80 % des agents pathogènes susceptibles d’être utilisés à des fins de bioterrorisme à visée humaine sont zoonotiques, d’où l’importance, partout dans le monde, de la surveillance des maladies animales. Les vétérinaires sont donc des acteurs de première ligne. Toutefois, leur sensibilisation au bioterrorisme n’est pas optimale. Certains experts préconisent par ailleurs une plus ample communication sur ce type de risque lié à des agents biologiques.

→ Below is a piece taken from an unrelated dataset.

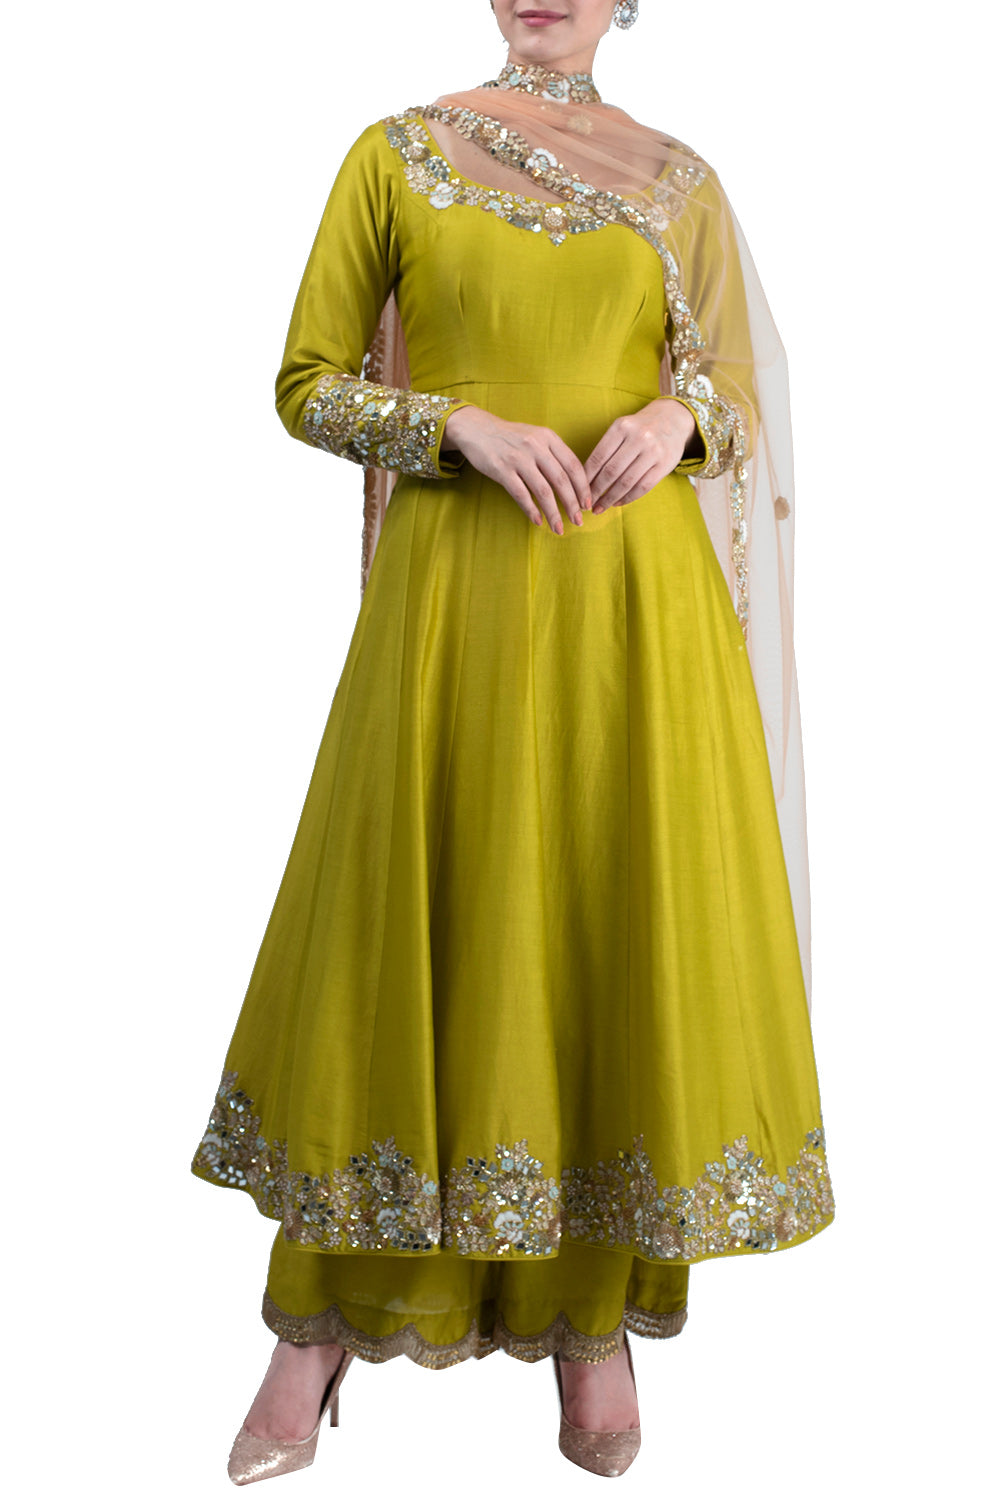 Ochre yellow hand embroidered anarkali suit - kylee

Même si l’éventualité d’une guerre biologique répugne depuis longtemps la conscience de l’humanité, des êtres humains fabriquent et utilisent des armes biologiques depuis près de trois mille ans. Au début, la guerre biologique consistait surtout à lancer des carcasses d’animaux à l’intérieur des fortifications ennemies, à contaminer les puits et à utiliser des armes empoisonnées. Au cours du siècle dernier, des progrès considérables ont été enregistrés en ce qui concerne la mise au point d’armes biologiques et la conception de vecteurs efficaces. Durant les dernières années, plusieurs groupes terroristes et individus ont employé – ou tenté d’utiliser – des armes biologiques. Par exemple, en 1984, des membres de la secte religieuse Rajneesh, établie en Oregon, ont infecté les buffets de salades de plusieurs restaurants à l’aide de Salmonella Typhimurium, intoxiquant et rendant malades sept cent cinquante et une personnes. Entre 1990 et 1995, la secte japonaise Aum Shinrikyo a essayé vainement, à plusieurs reprises, de répandre des agents biologiques sous forme d’aérosols. Plus récemment, à la fin de l’année 2001 aux Etats-Unis, des terroristes ont délibérément propagé la maladie du charbon au moyen de lettres contaminées, tuant cinq personnes et incitant les médecins à prescrire une antibiothérapie à trente mille individus.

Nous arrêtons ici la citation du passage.